Supplied material:
■ ■ ■ ■ ■ ■ ■

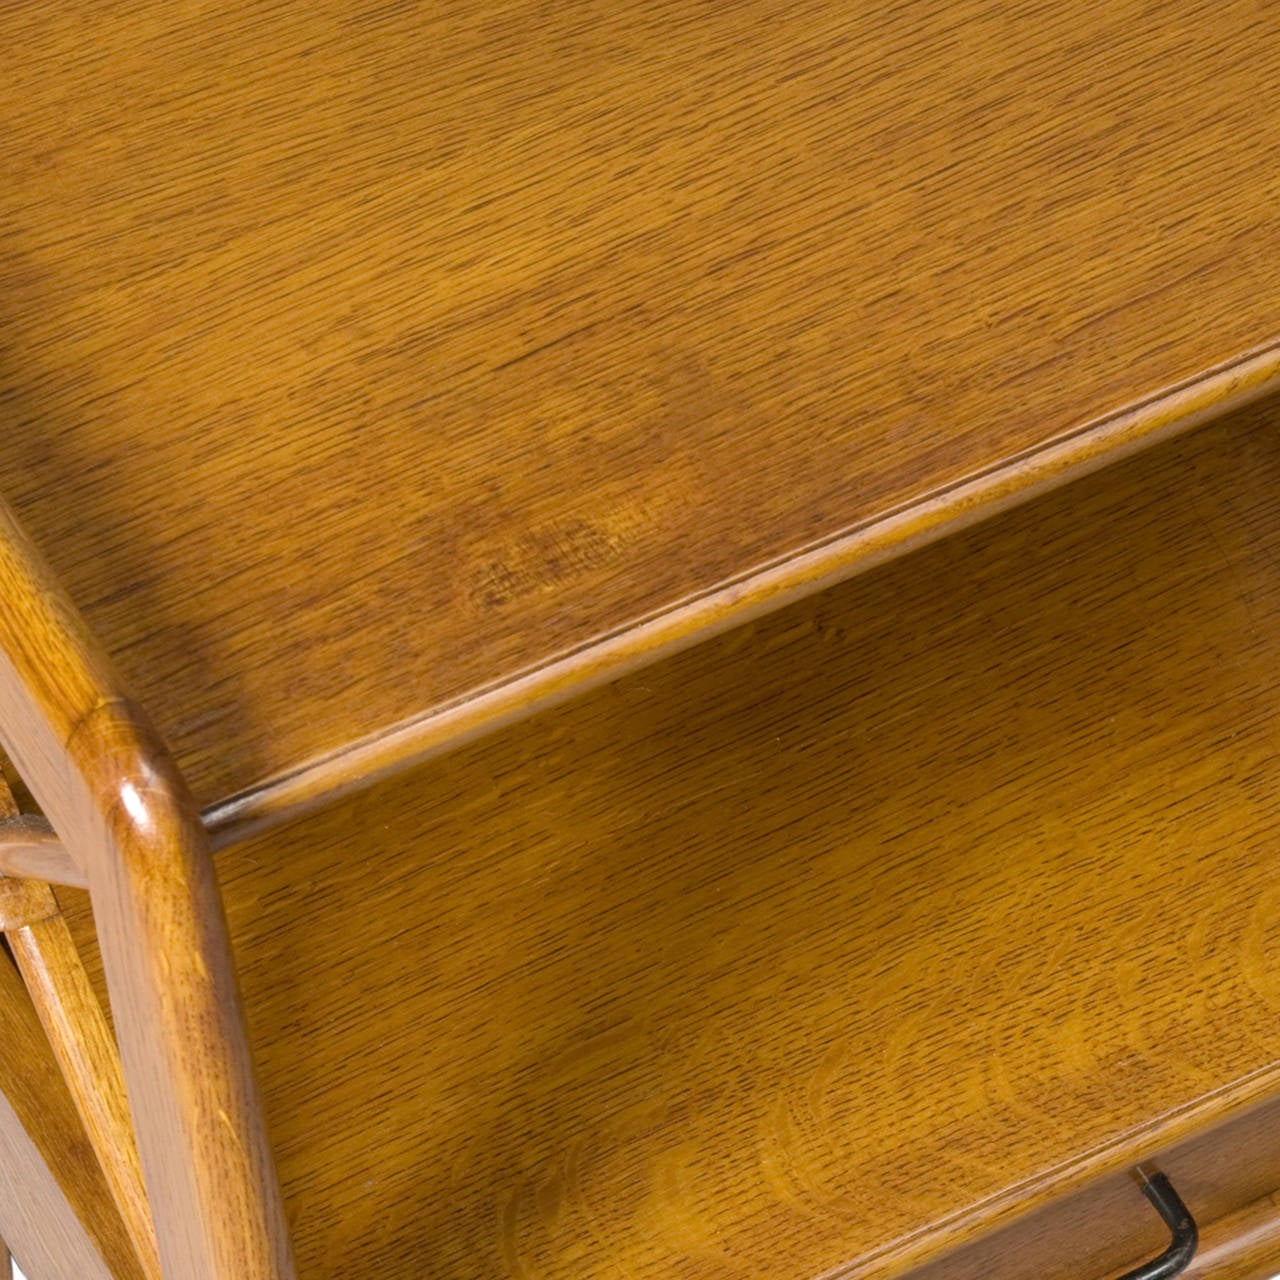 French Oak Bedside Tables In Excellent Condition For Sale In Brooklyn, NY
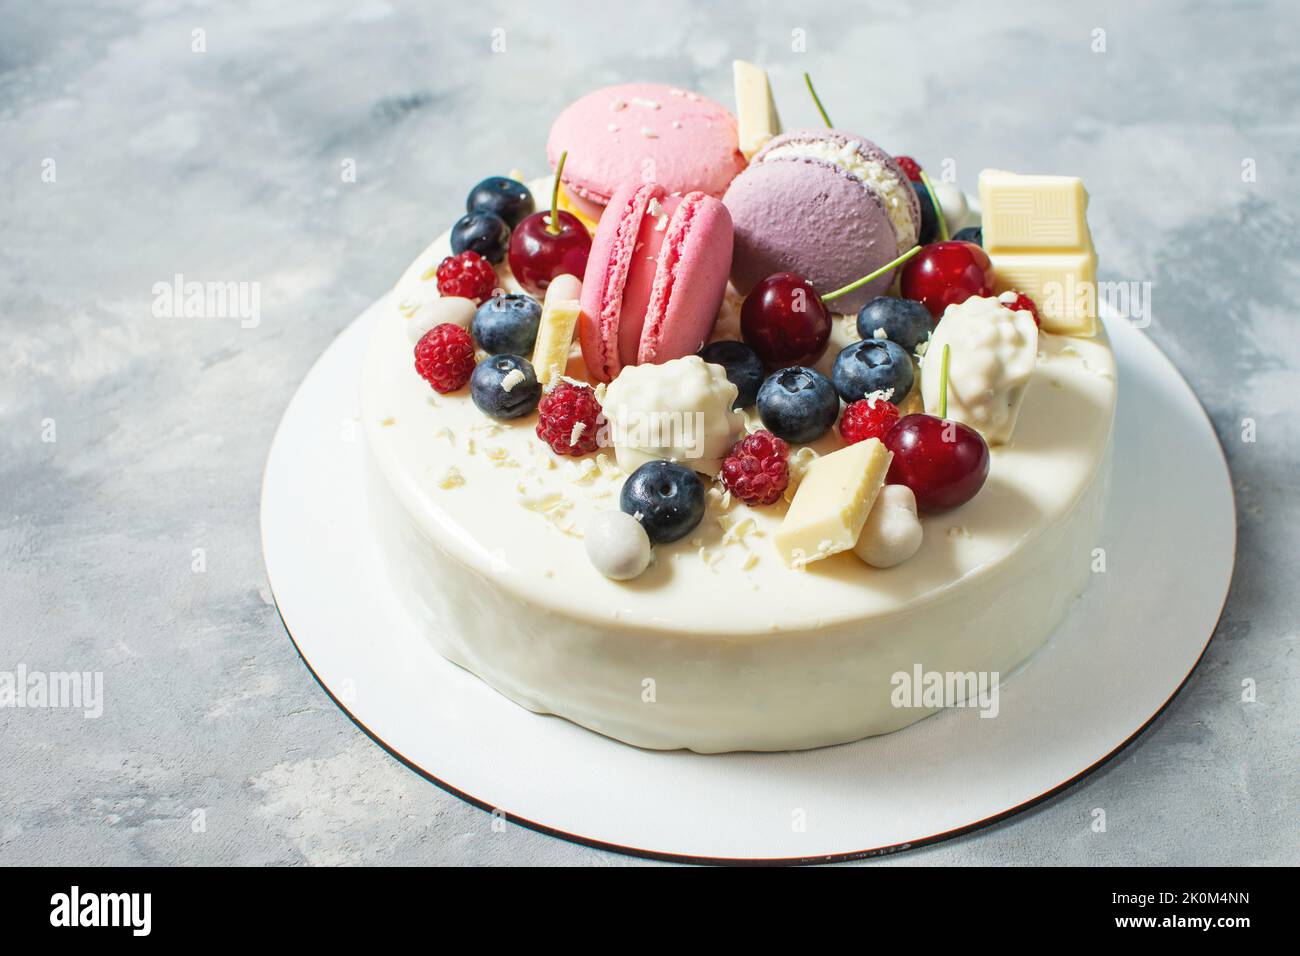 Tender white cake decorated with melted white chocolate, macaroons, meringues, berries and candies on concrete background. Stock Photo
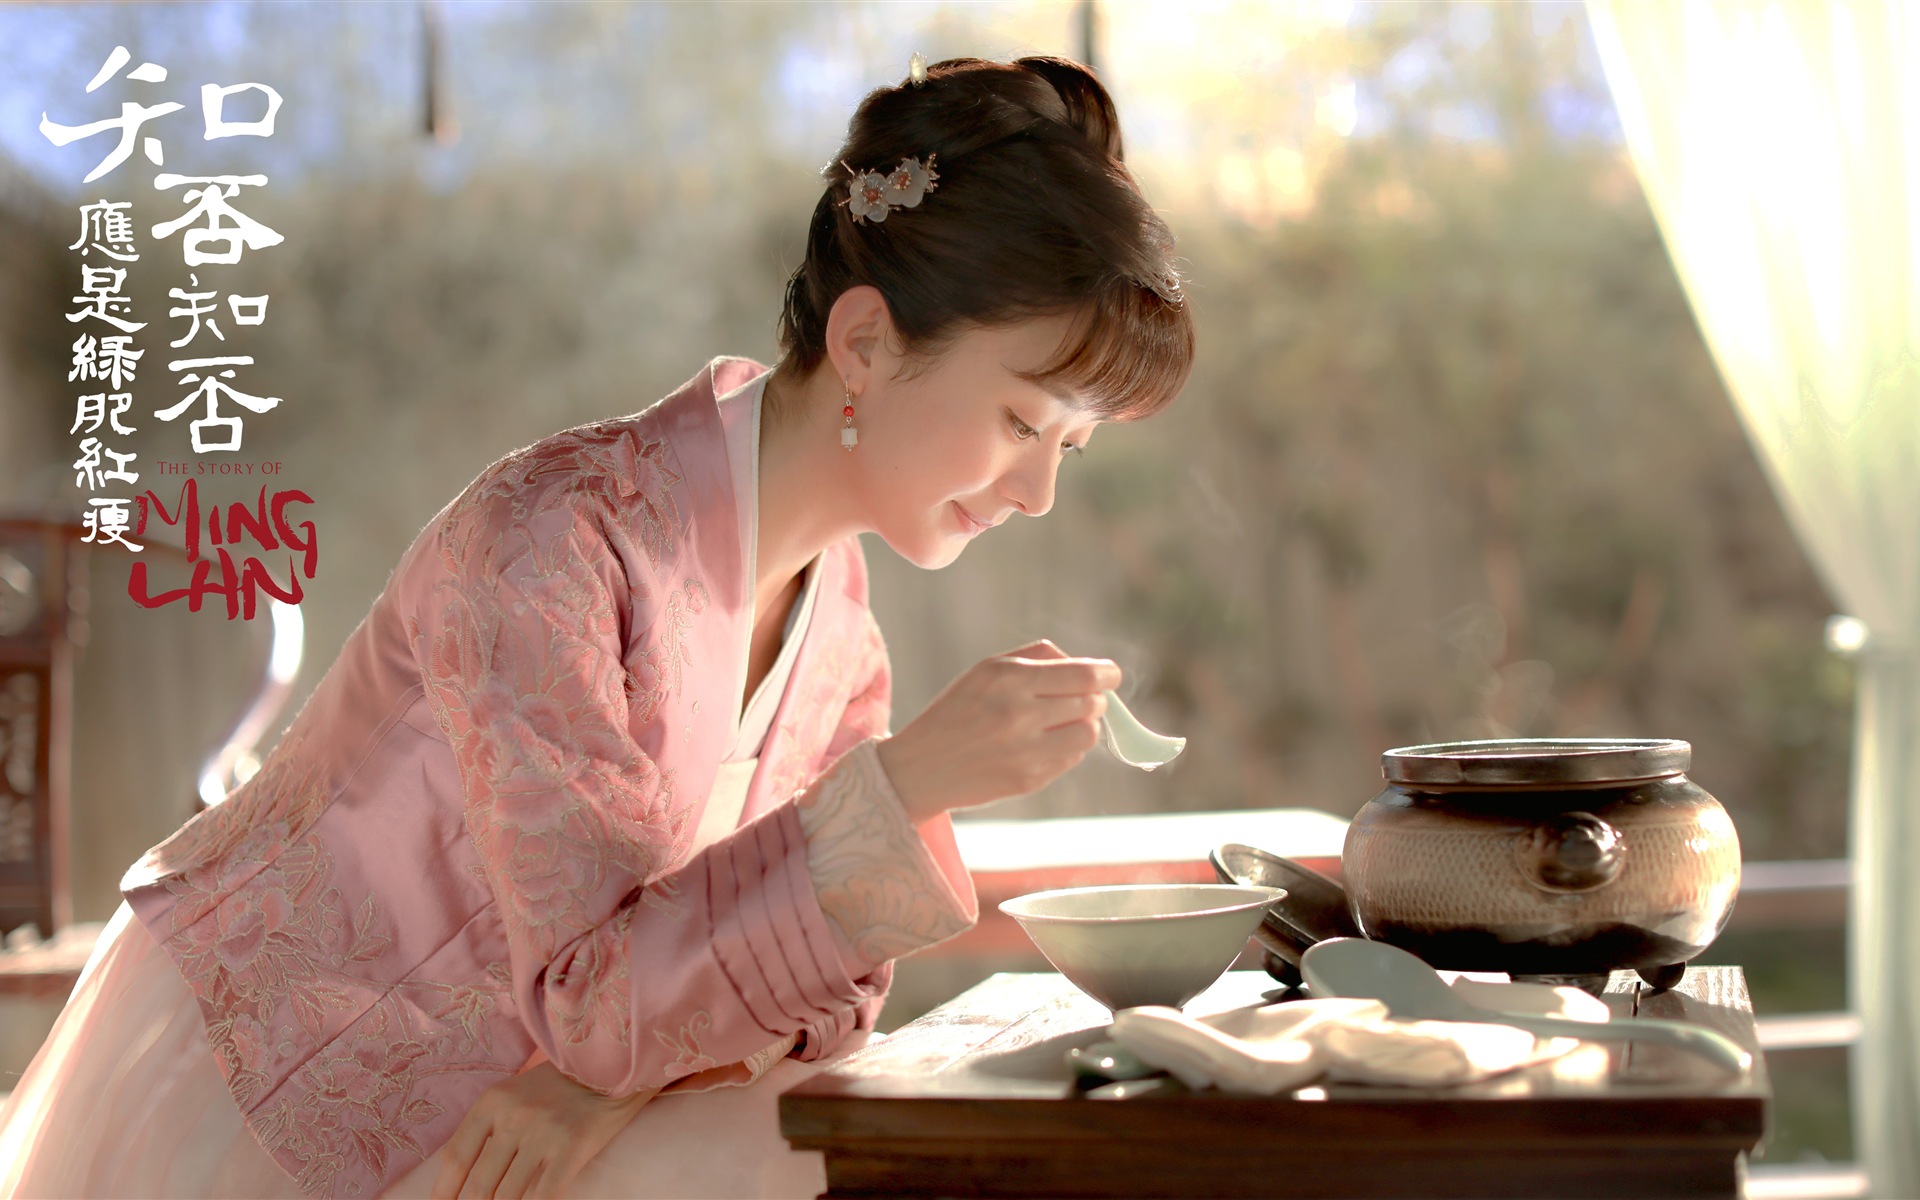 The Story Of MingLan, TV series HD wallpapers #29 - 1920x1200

■ ■ ■ ■ ■ ■ ■

Repeat the data word for word, minus any pictures.

Result for this exercise:
 French Oak Bedside Tables In Excellent Condition For Sale In Brooklyn, NY
 Tender white cake decorated with melted white chocolate, macaroons, meringues, berries and candies on concrete background. Stock Photo
 The Story Of MingLan, TV series HD wallpapers #29 - 1920x1200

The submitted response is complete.